_Task to carry out_. The expected result is an exact restatement of the data, free of pictures.

_Information shown_.

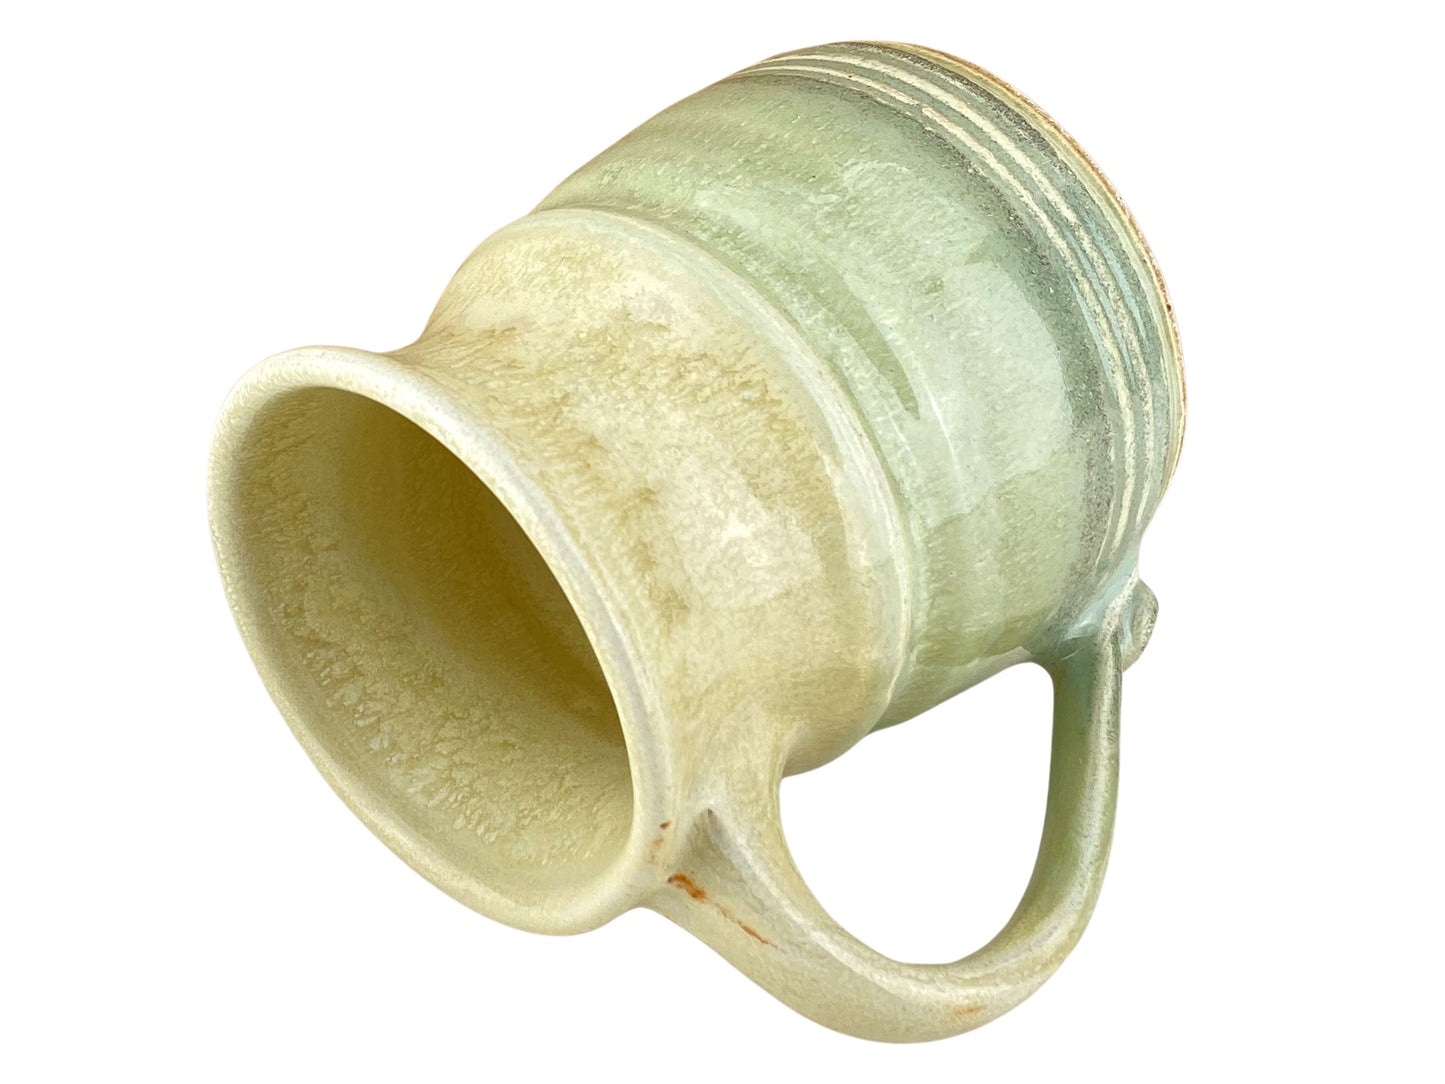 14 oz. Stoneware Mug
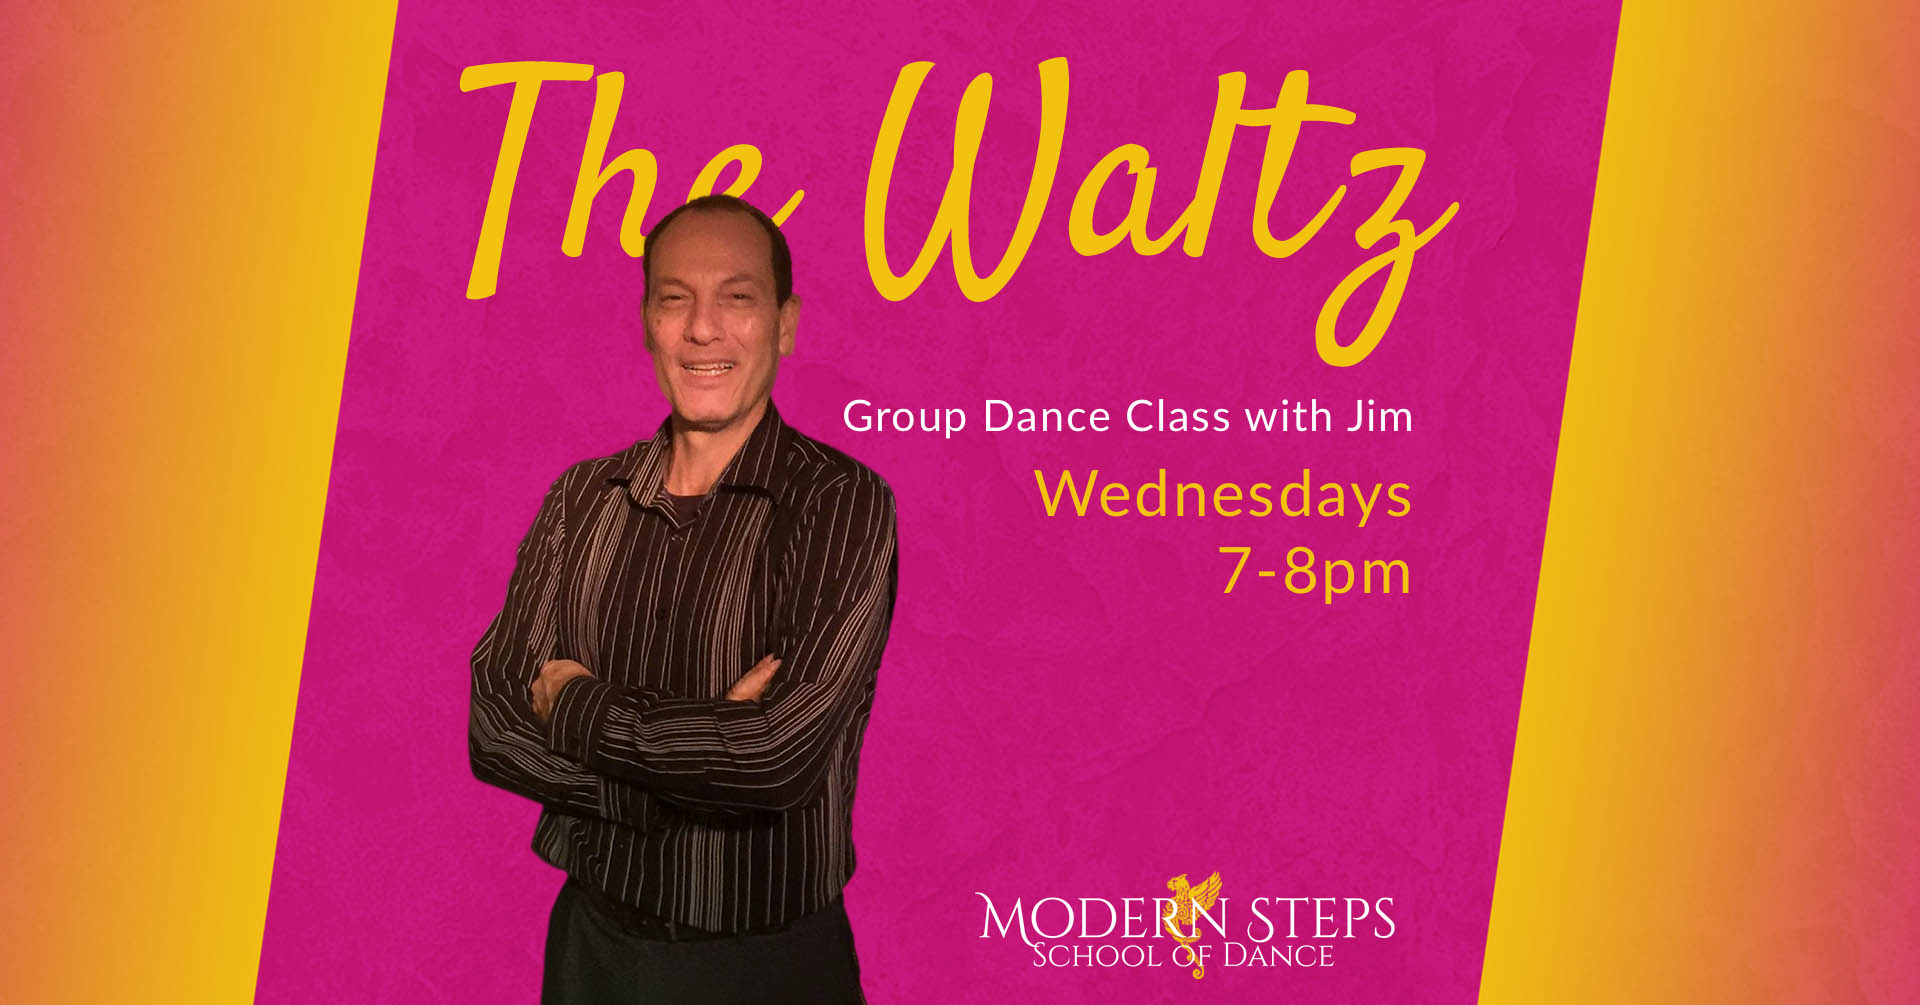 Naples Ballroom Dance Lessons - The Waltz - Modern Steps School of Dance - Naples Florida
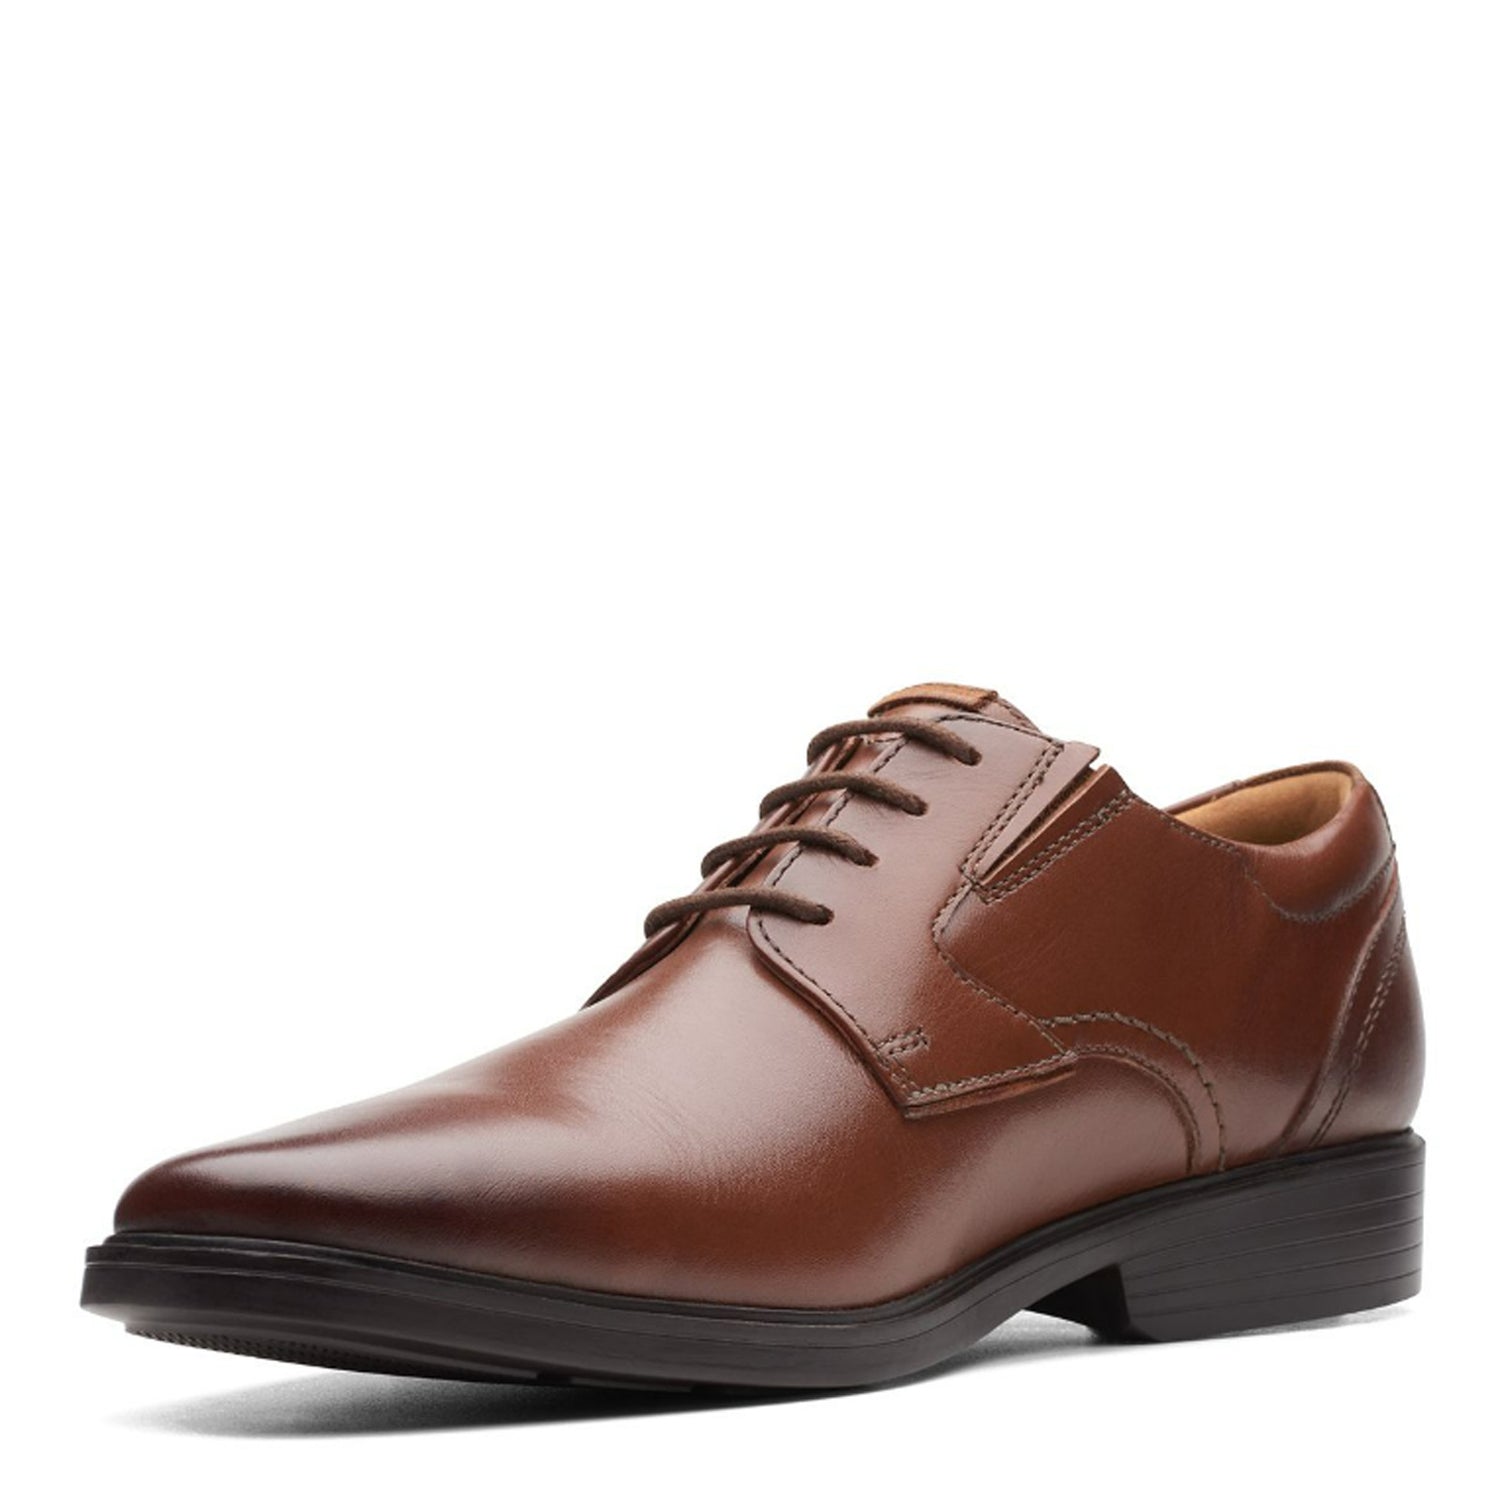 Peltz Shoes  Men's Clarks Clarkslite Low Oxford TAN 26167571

_Answer below_.
 14 oz. Stoneware Mug
 Naples Ballroom Dance Lessons - The Waltz - Modern Steps School of Dance - Naples Florida
 Peltz Shoes  Men's Clarks Clarkslite Low Oxford TAN 26167571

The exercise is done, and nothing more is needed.